Etiology and Pathophysiology
- In TTP, the aggregating agent responsible for platelet thrombi is unusually large von Willebrand factor (UL vWF) multimers, which are far larger than those found in normal plasma.
- A metalloproteinase, ADAMTS13, which normally enzymatically cleaves UL vWF multimers to prevent clumping within vessels, is deficient, defective, or absent, allowing UL vWF to react with platelets. This leads to the endothelial cell damage and disseminated thrombi characteristic of TTP.
- Arterioles most often affected are in the brain, kidney, pancreas, heart, and adrenal glands. Lungs and liver are relatively spared.
- In familial TTP, patients have an inherited deficiency of ADAMTS13 (1).
- In acquired idiopathic TTP, autoantibodies are directed against the metalloproteinase ADAMTS13 (1,3).
- Endothelial injury, either directly from a drug/toxin or indirectly via platelet/neutrophil activation, has been proposed as a cause of secondary TTP especially in those without ADAMTS13 deficiency.
- Drug induced (see “Risk Factors”)
- Hematopoietic cell transplantation
- TTP is most often an acquired disorder. A congenital form of inherited TTP (Upshaw-Schulman syndrome) is due to a mutation at the ADAMTS13 metalloproteinase gene locus on chromosome 9q34. This rare form of TTP has an autosomal-recessive pattern of inheritance.

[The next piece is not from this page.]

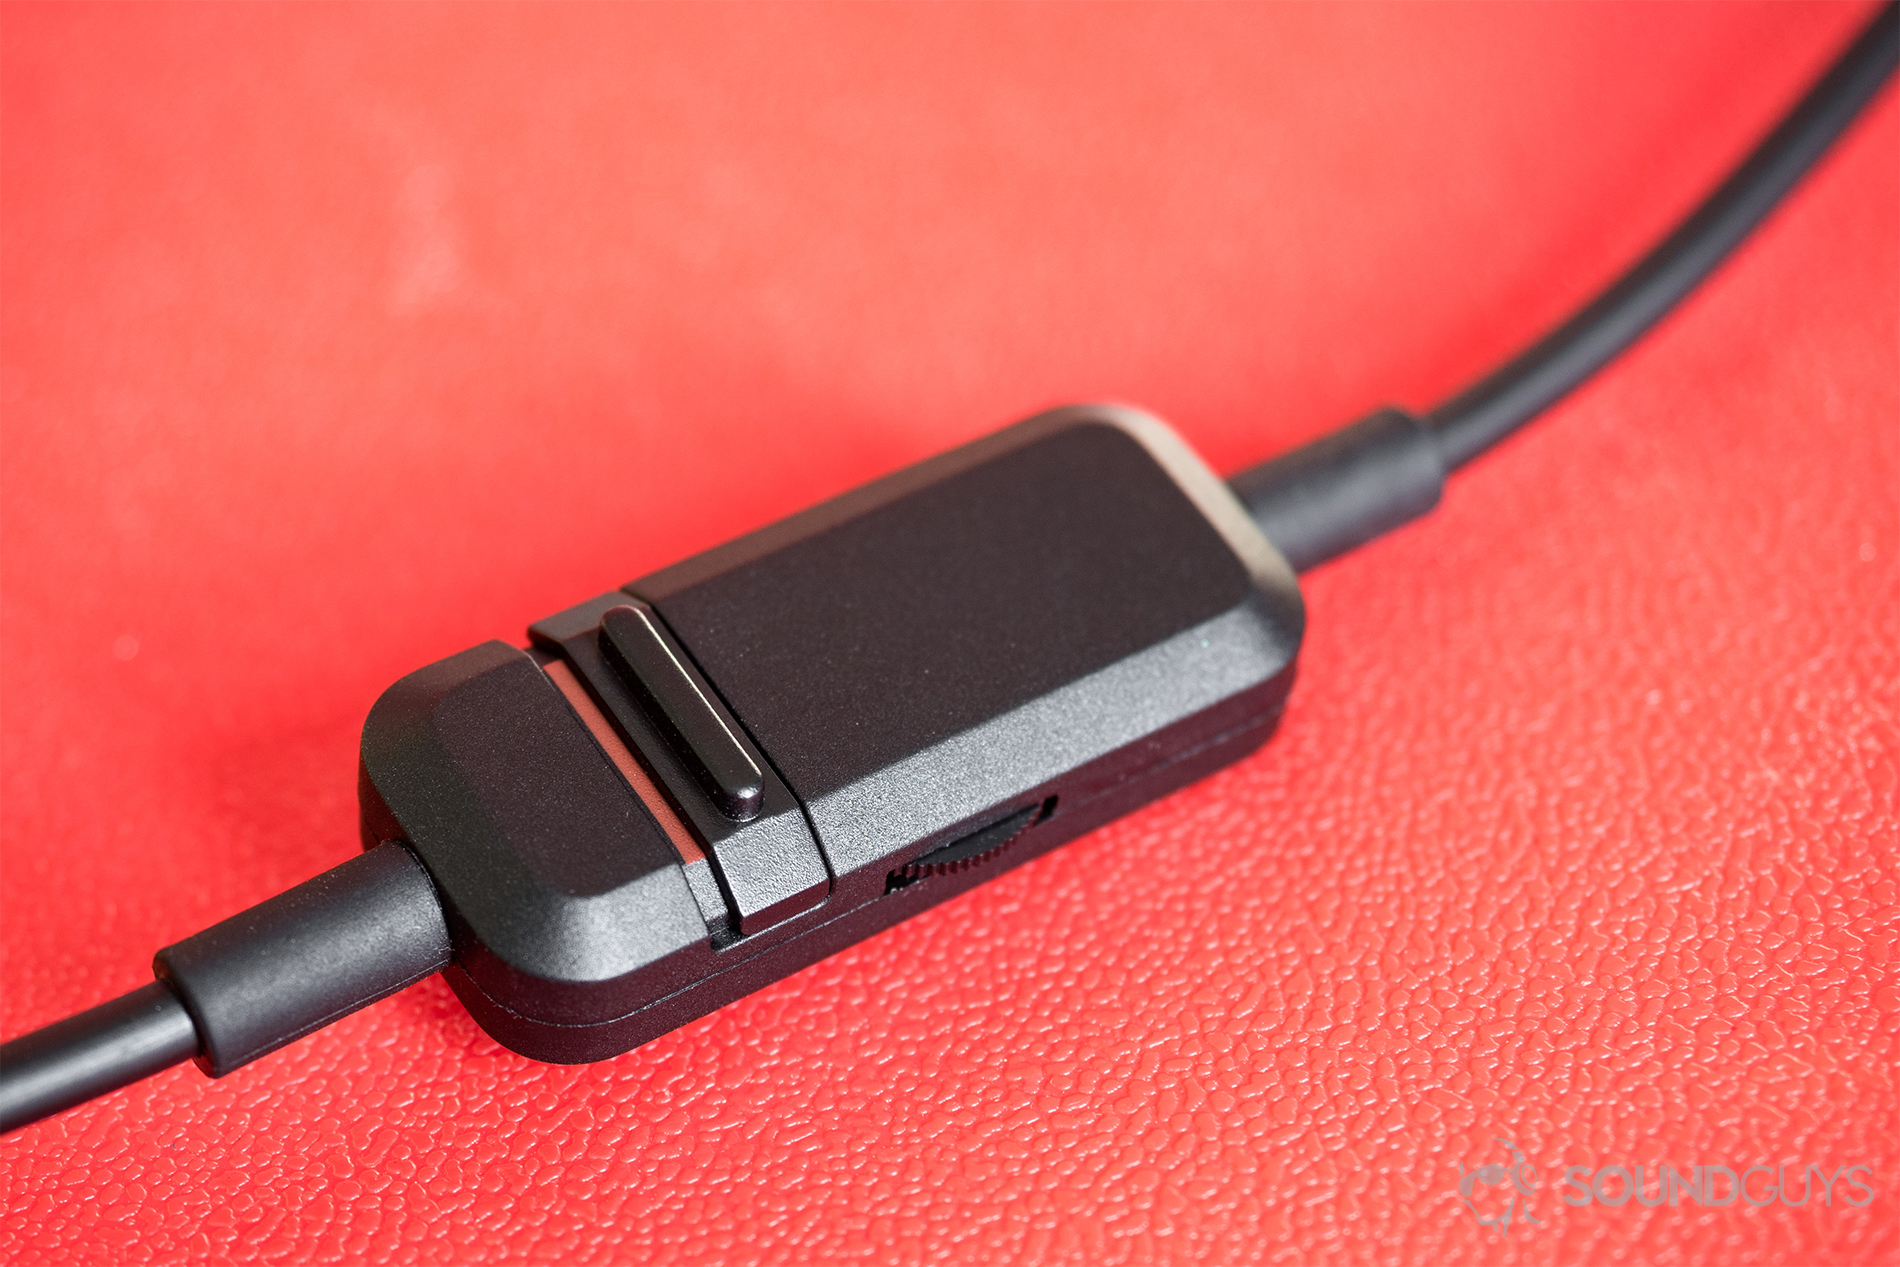 Beyerdyanamic CUSTOM Game: A close-up of the in-line remote/mic on a red background.

- SUS typically presents in infancy and is rarely diagnosed after 10 years of age, it does not have the female predominance seen in idiopathic TTP, more often has notable renal impairment, and there is some heterogeneity among siblings although parents who are carriers of a single heterozygous ADAMTS13 mutation are typically asymptomatic
- Pregnancy and oral contraceptives
- AIDS and early symptomatic HIV infection
- Bacterial infection/sepsis
- Autoimmune disease
- Antiphospholipid antibody syndrome
- Systemic lupus erythematosus
- Hematopoietic stem cell transplantation
- Solid organ transplant
- Drug toxicity
- Cancer chemotherapy
- Mitomycin C and gemcitabine
- Bleomycin and cisplatin
- Calcineurin inhibitors
- Tacrolimus and cyclosporine
- Immune mediated
- Quinine and quinidine
- Ticlopidine and clopidogrel
- Cancer chemotherapy
Commonly Associated Conditions
- TTP/hemolytic uremic syndrome (HUS)/atypical HUS have similar presentations with MAHA and thrombocytopenia and multiorgan involvement.
- TTP generally presents with minimal renal involvement and may have neurologic abnormalities, whereas the opposite is more characteristic of HUS/atypical HUS. Creatinine of >2.3 is suggestive against TTP.
- However, patients with HUS and TTP may have both prominent renal and neurologic manifestations, often making the diagnosis unclear, hence the historical hybrid name “TTP-HUS.”
- ADAMTS13 levels are diminished (generally <10%) in adults with familial or acquired idiopathic TTP but are normal in children diagnosed with HUS following infection with Escherichia coli (particularly type O157:H7), so-called Shiga toxin-HUS, and in “atypical HUS,” is also called complement-mediated thrombotic microangiopathy reflecting the pathophysiology which is related to complement dysregulation.